### What you are asked to do
All lines from the one holding "Modern Solo Rugs" to the end of the listing are to be output exactly, both ends included, with any pictures left out.

### Data section
::::::

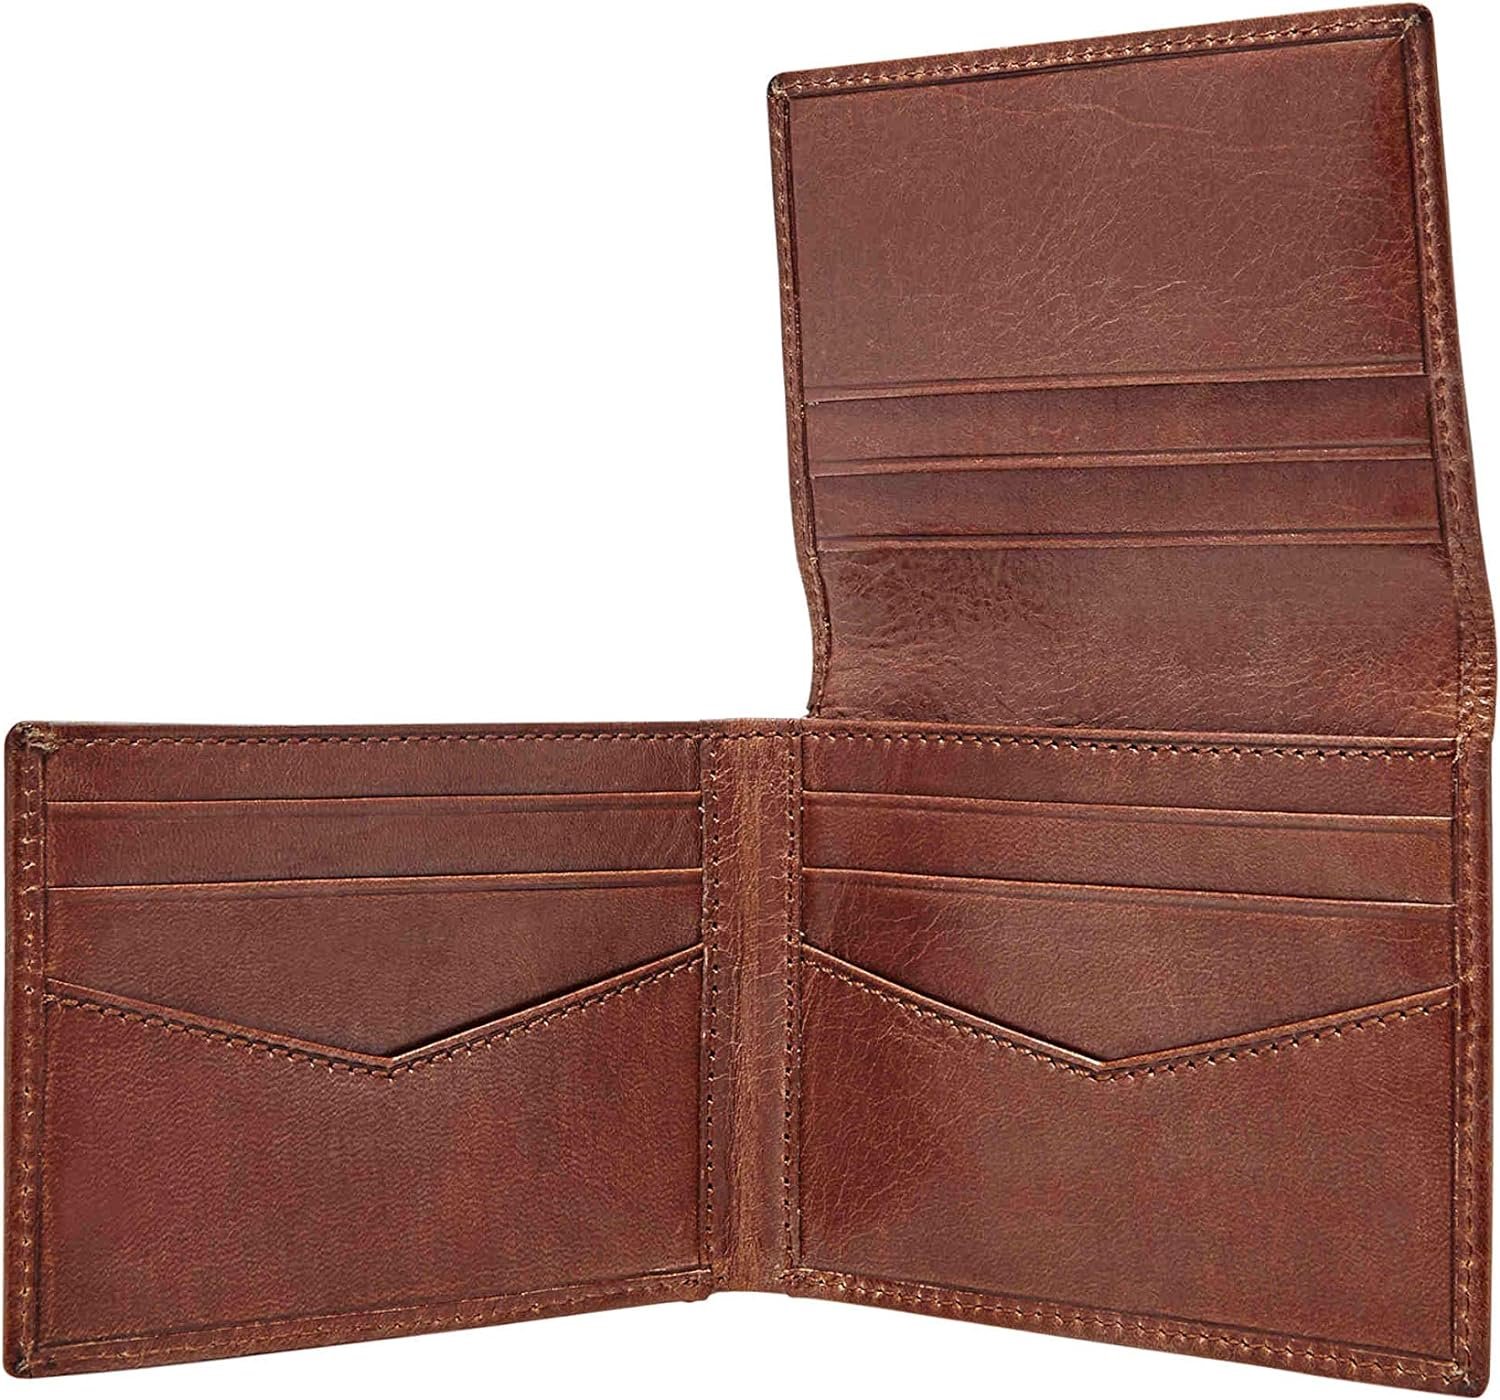 Fossil Men’s RFID-Blocking Leather Execufold Trifold Wallet Review
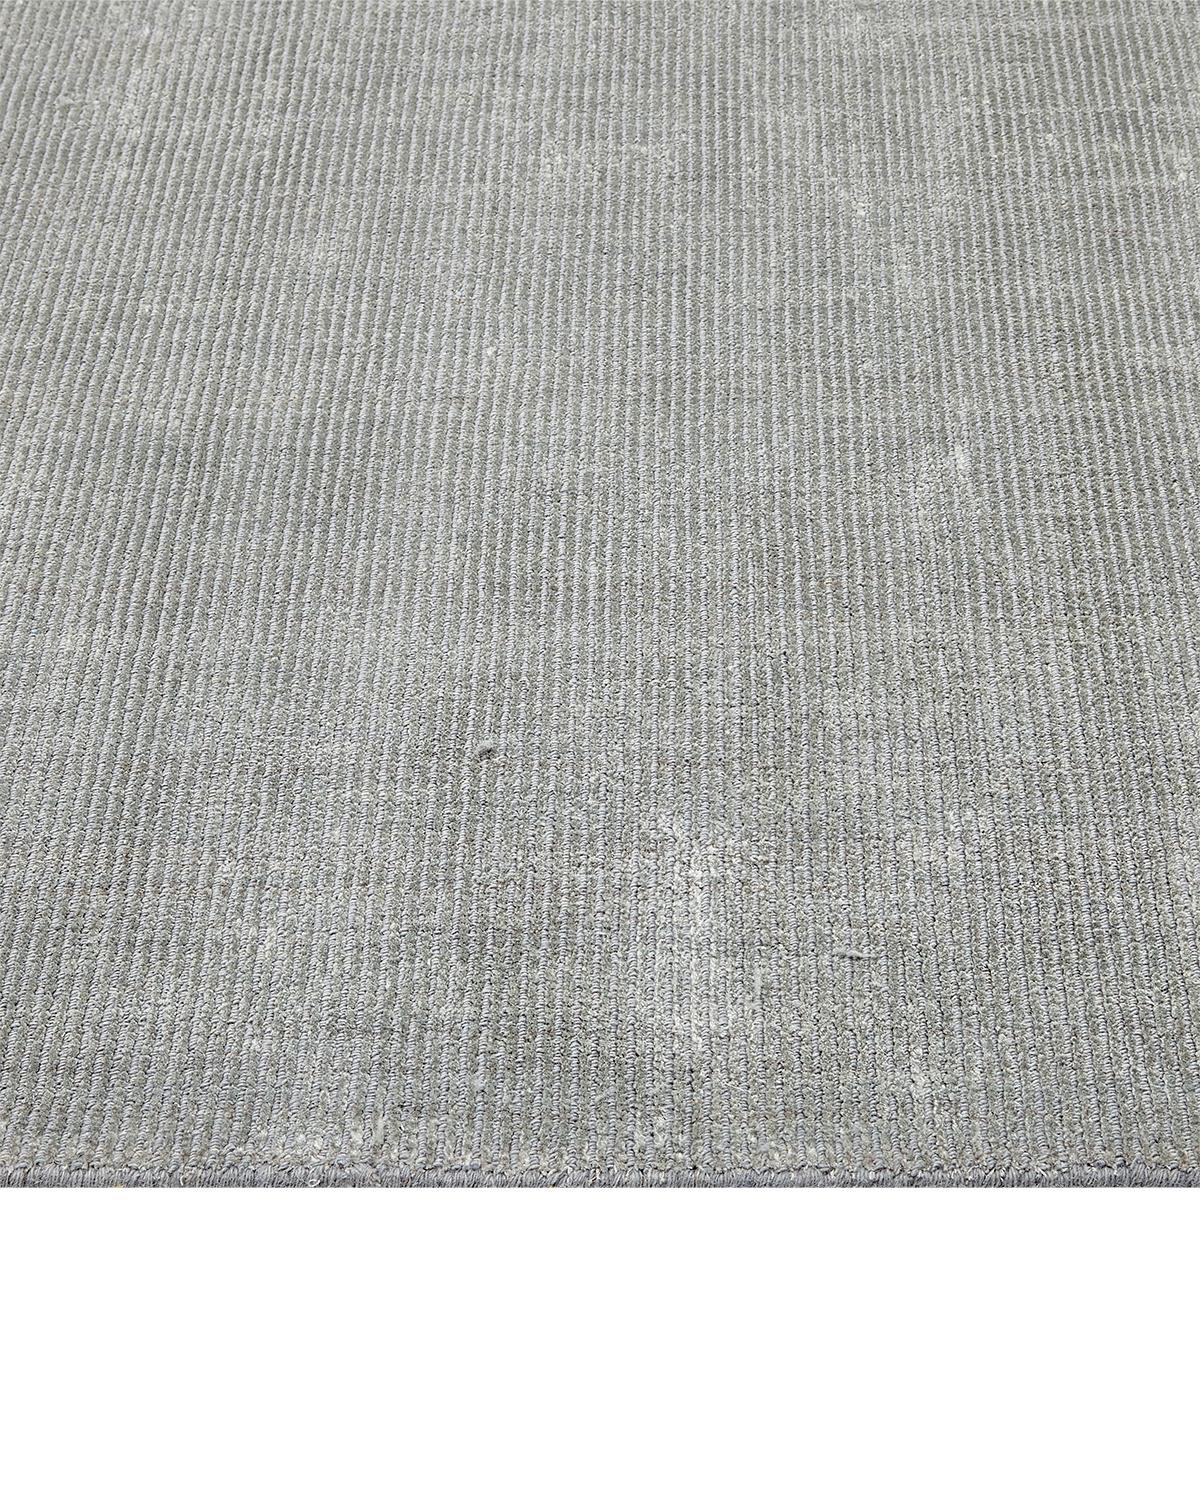 Modern Solo Rugs Cordi Contemporary Solid Handmade Area Rug Gray For Sale
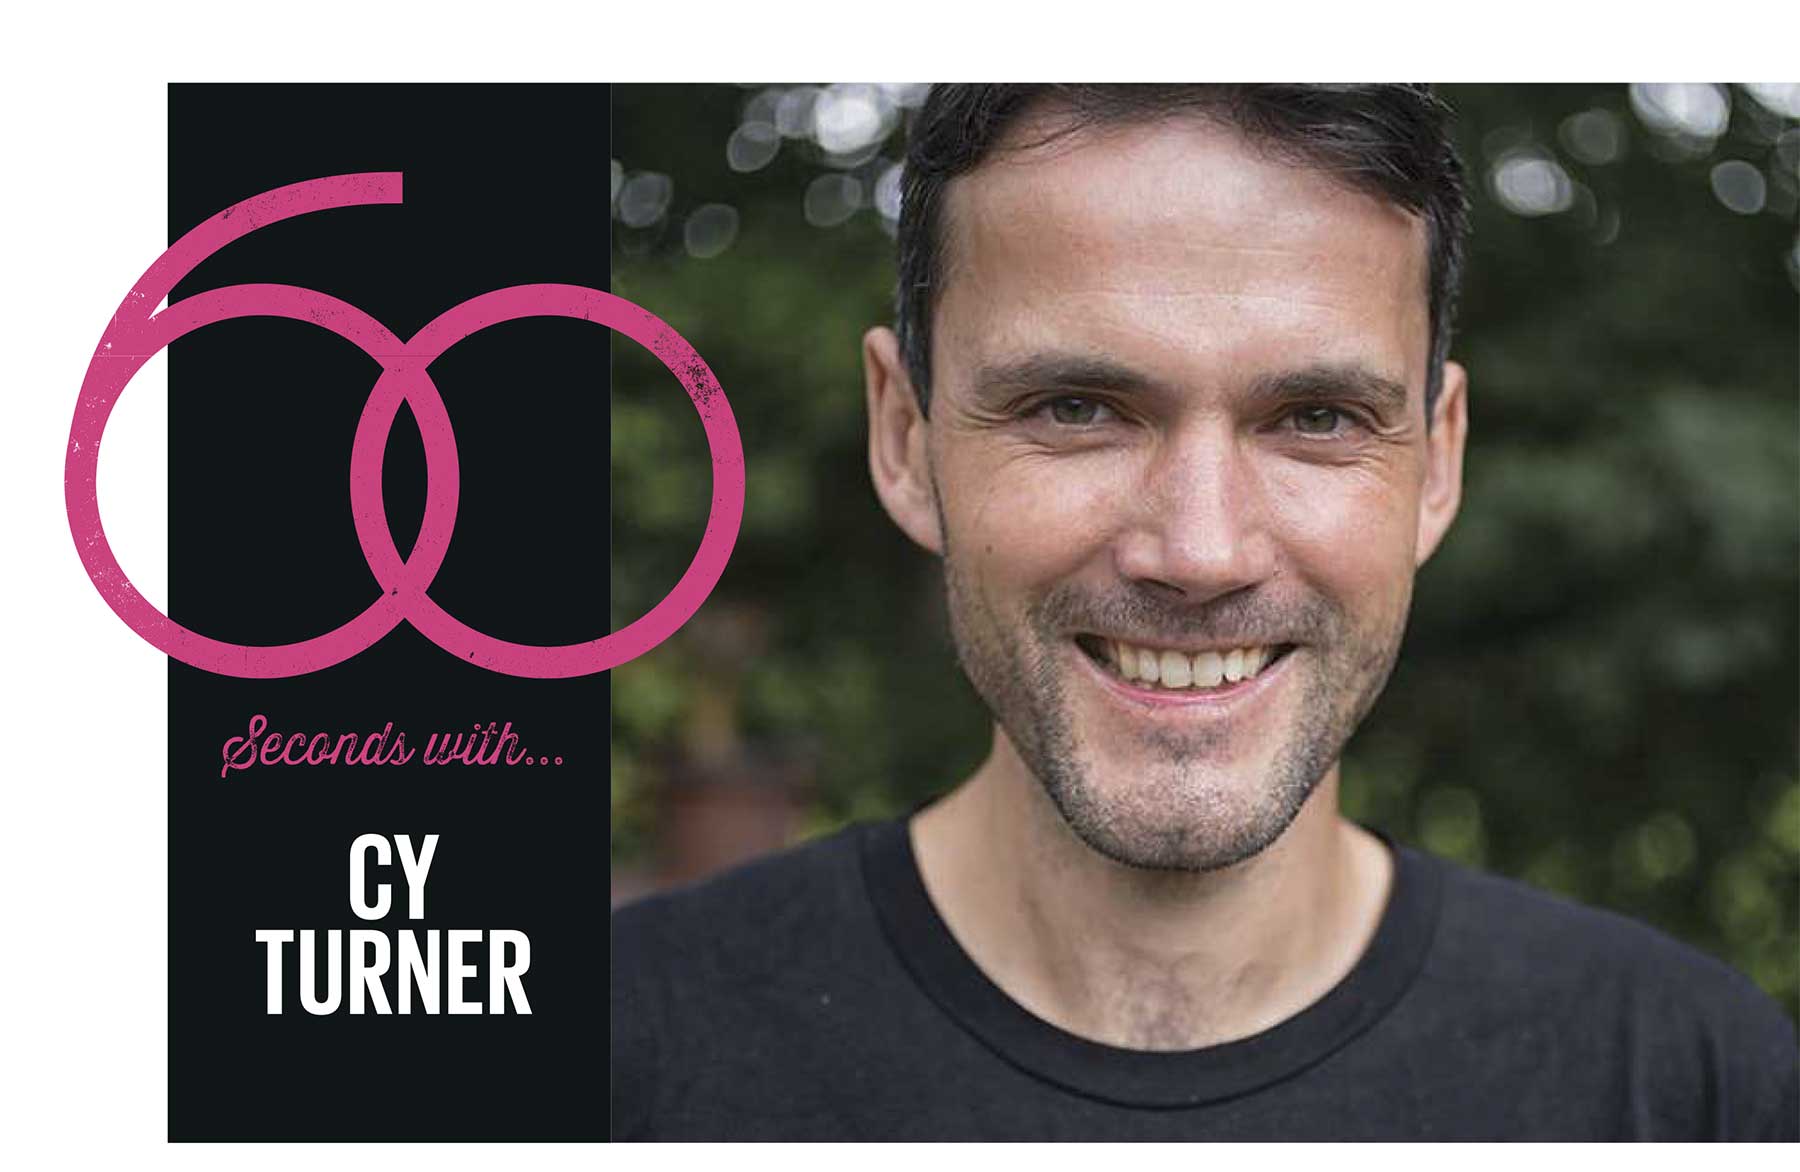 60 Seconds with Cy Turner

::::::

### Task response
 Modern Solo Rugs Cordi Contemporary Solid Handmade Area Rug Gray For Sale
 60 Seconds with Cy Turner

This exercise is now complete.